Correlations of Simulated Black-Hole Movies Reveal Extreme-Lensing Signatures
Barbora Bezděková, Shahar Hadar, George Wong, Maciek Wielgus
TL;DR
The paper addresses detecting extreme gravitational lensing near black holes when the photon ring is unresolved by leveraging the time-dependent two-point image correlation function $\mathcal{C}$. It uses a high-fidelity GRMHD BH movie with ray tracing under slow-light, fast-light, and $n=0$-only prescriptions, then analyzes correlation patterns on a reduced 3D configuration space to identify lensing signatures. The key finding is that a distinct lensing peak at $T \sim 15\ GM/c^3$ and a specific azimuthal location appears in fine-grained image correlations and persists under realistic angular resolution, while coarse observables like light-curve autocorrelations fail to reveal it; the signal's strength depends on the ray-tracing scheme.

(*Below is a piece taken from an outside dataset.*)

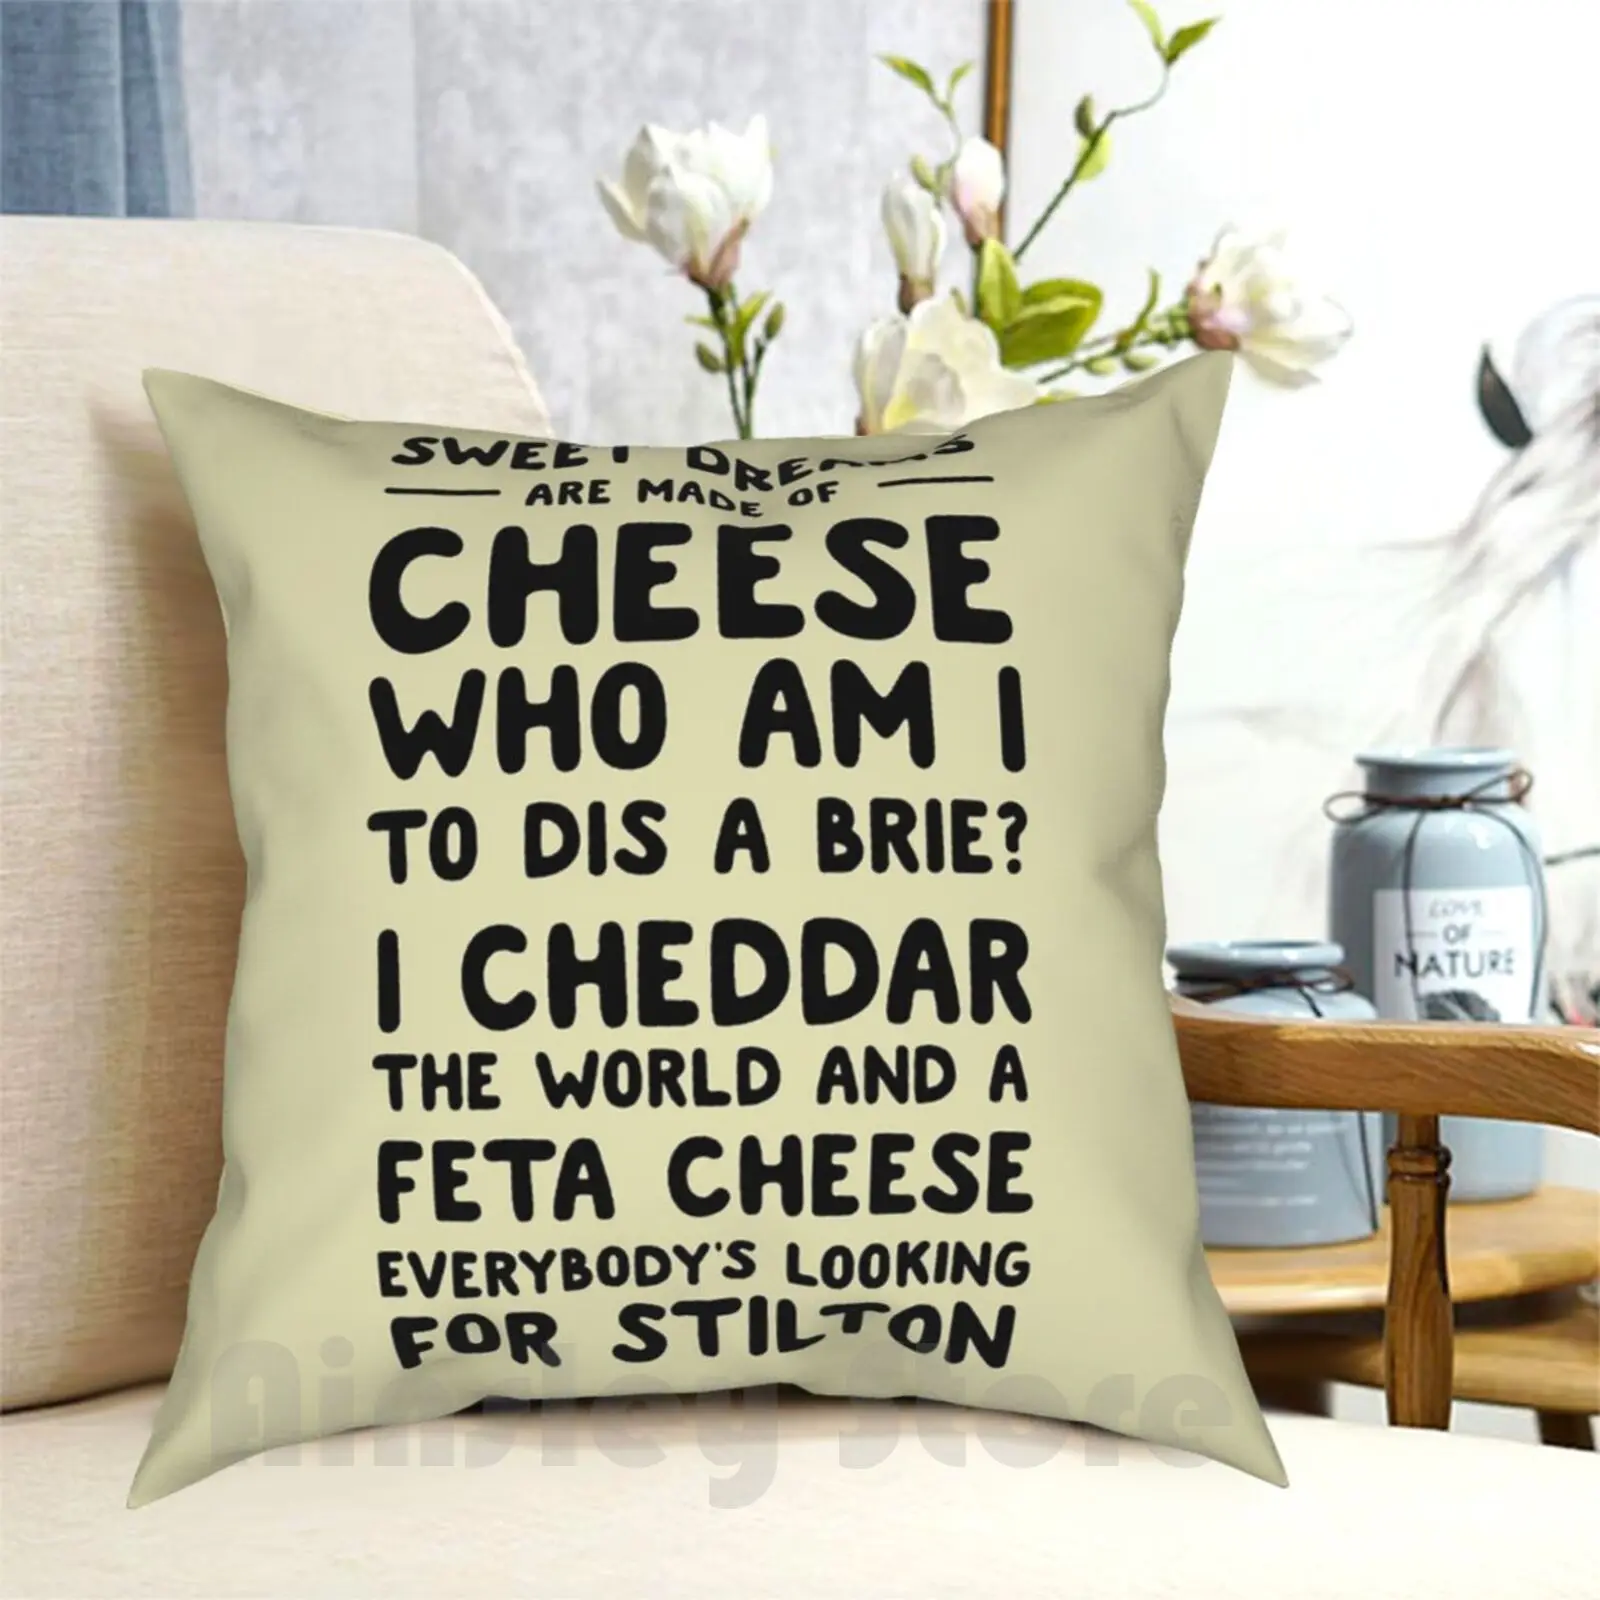 Delicious Coagulated Milk Cheese Funny Sweet Dreams are Made Brie Cheese Throw Pillow Multicolor 18x18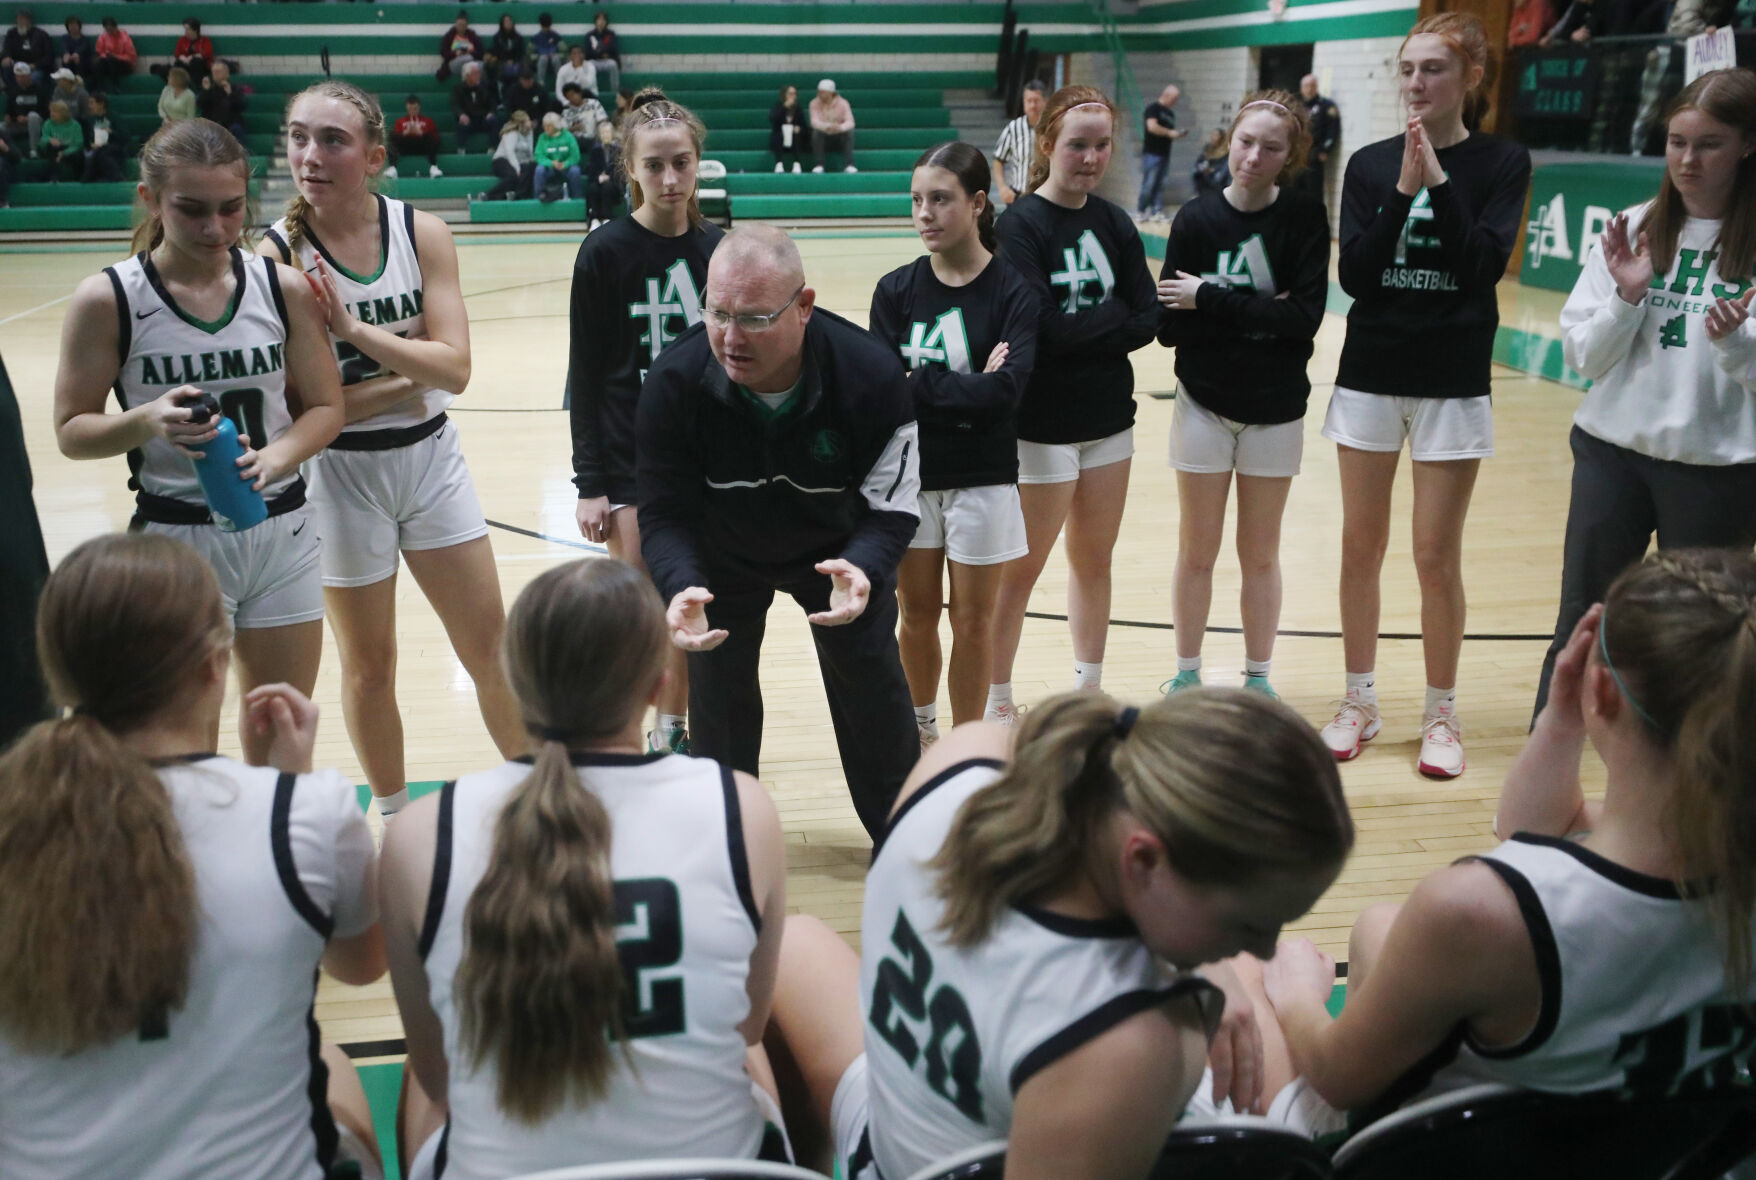 Alleman’s Coach Steve Ford Achieves 400th Win Against Former Team with Game-High Performance by Clair Hulke

This work demonstrates a practical pathway to measure extreme lensing effects with upcoming terrestrial VLBI facilities (e.g., ngEHT, BHEX), guiding instrument design and inference strategies for black-hole spacetime tests.
Abstract
A black hole's gravitational pull can deflect light rays to an arbitrary degree. As a result, any source fluctuation near the black hole creates multiple lagged images on an observer's screen. For optically thin stochastic emission, these light echoes give rise to correlations of brightness fluctuations across time-dependent images (movies). The correlation pattern disentangles source-specific characteristics from universal features dictated by general relativity. This picture has motivated a proposal to use the two-point image correlation function as a probe of extreme gravitational lensing in upcoming black-hole imaging campaigns. In this work, we test the feasibility of this method by computing the two-point correlation function of brightness fluctuations in a black-hole movie of state-of-the-art realism. The movie is generated by ray tracing a general relativistic magnetohydrodynamic simulation, which can then be blurred to any angular resolution. At an effective resolution expected to be achieved by next-generation terrestrial very-long-baseline interferometric arrays, the lensing signatures appear in neither time-averaged images nor light-curve autocorrelations. However, we demonstrate that they are clearly visible in the more fine-grained two-point image correlation function. Our positive findings motivate a more comprehensive investigation into the instrument specifications and inference techniques needed to resolve extreme lensing effects through correlations.